- Given data -
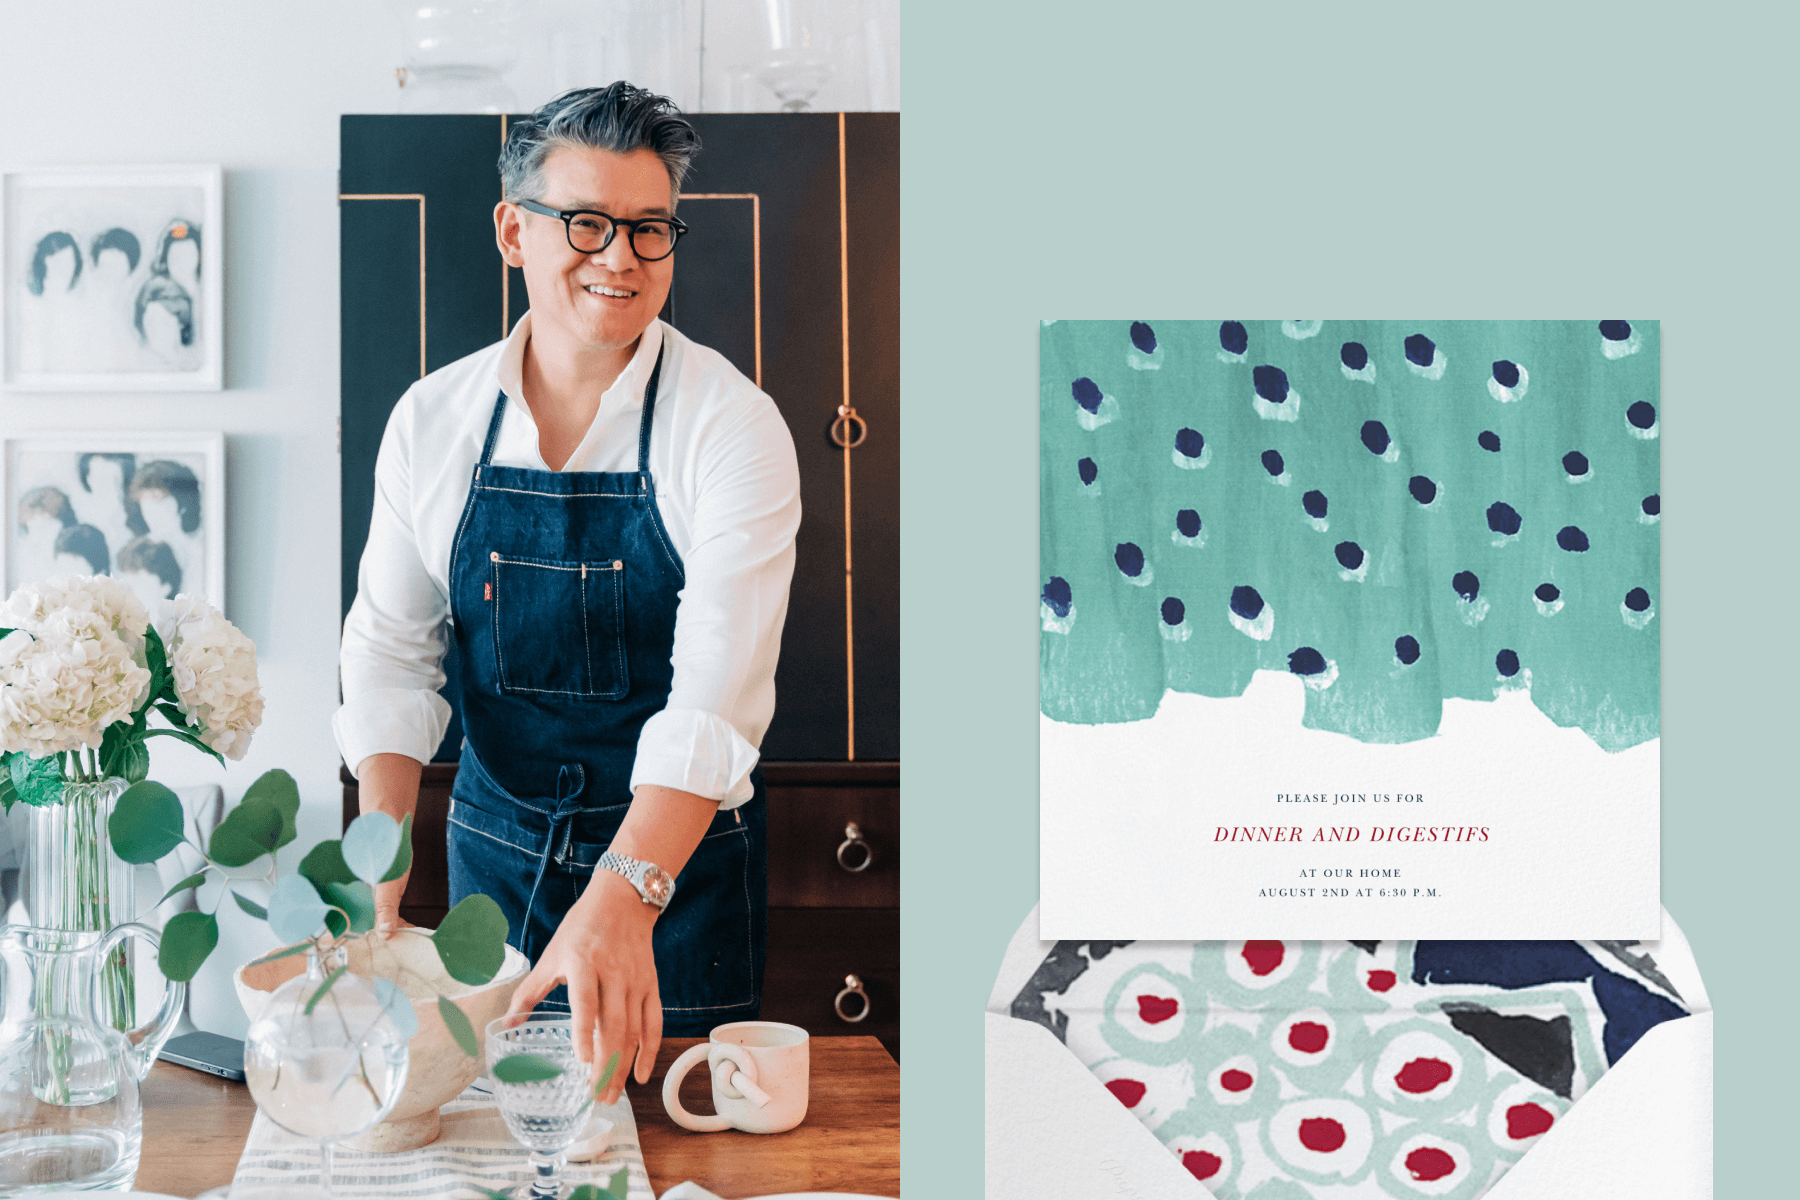 Left: Peter Som in his home putting a bowl on a table with flowers; Right: A dinner invitation featuring teal and blue dots.
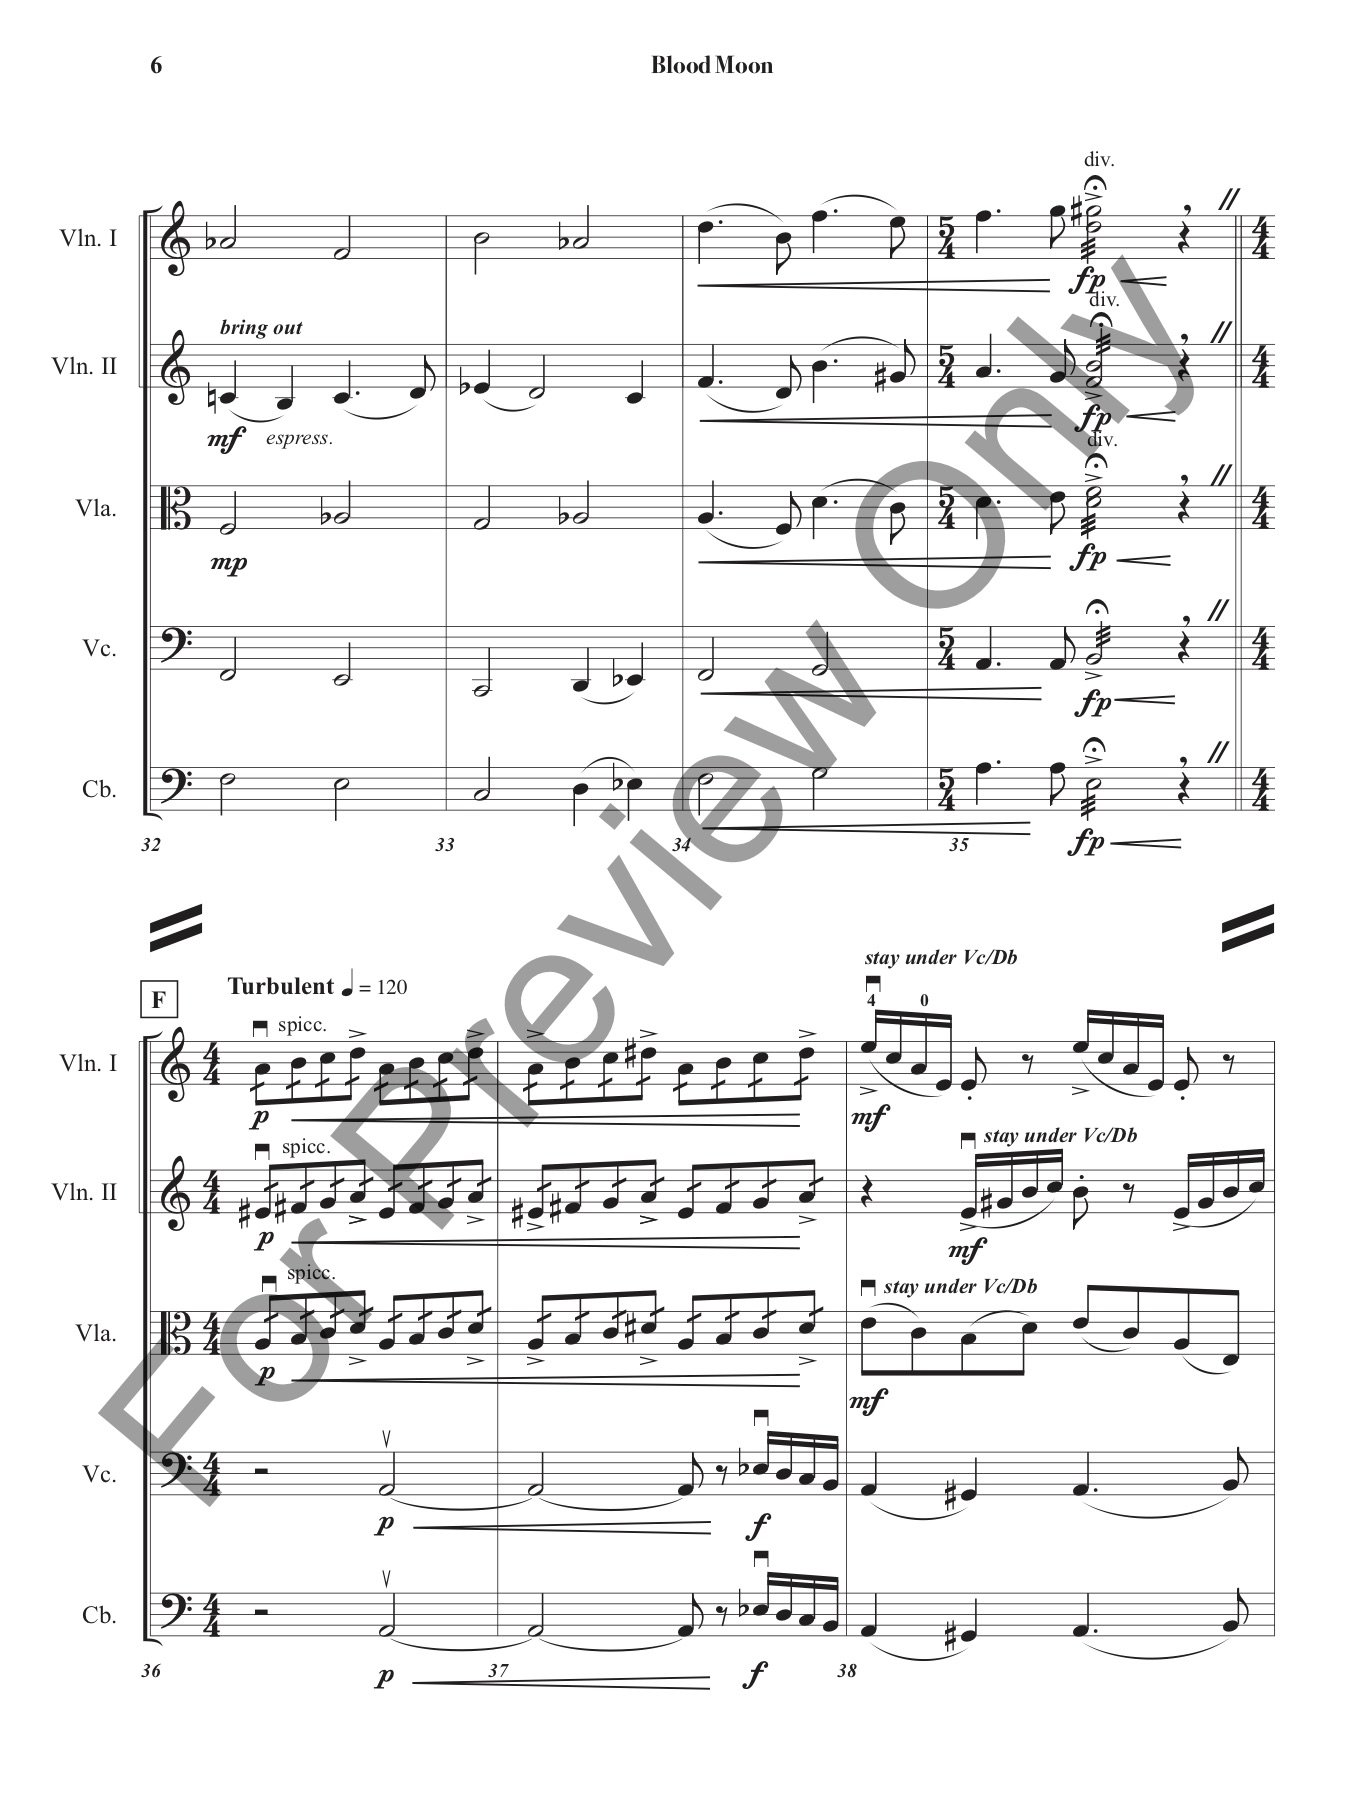 Blood Moon for String Orchestra - Cover Page and Full Score Only (for Preview Only p8).jpg
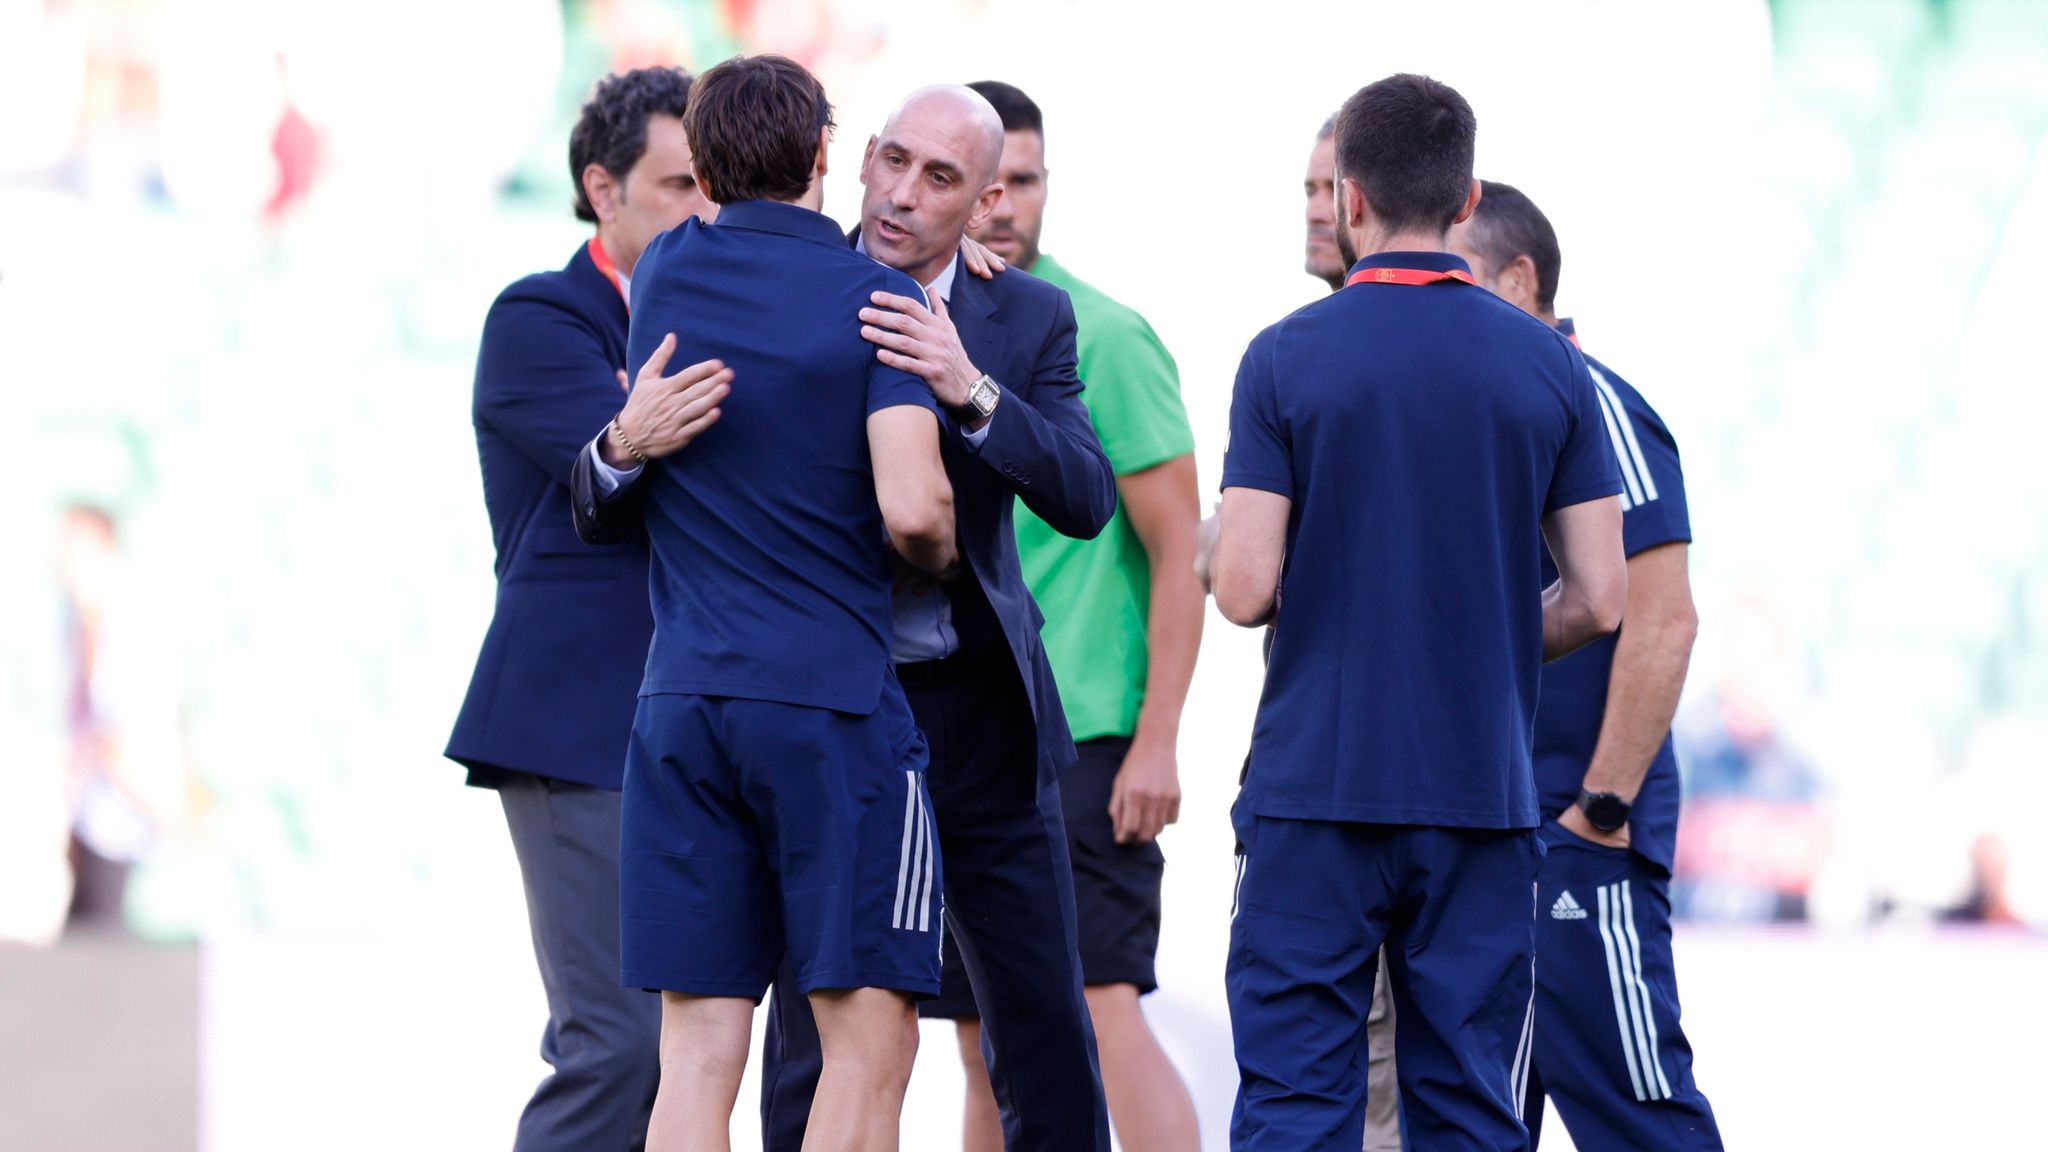 Spanish men's team express solidarity with women after Luis Rubiales kiss | World News | Sky News

- Exercise instructions -
Please reproduce verbatim the lines from the line with "Blood Moon for" through the final line of the listing, inclusive of both ends. Omit all pictures.

- Solution to the exercise -
 Blood Moon for String Orchestra - Cover Page and Full Score Only (for Preview Only p8).jpg
 Spanish men's team express solidarity with women after Luis Rubiales kiss | World News | Sky News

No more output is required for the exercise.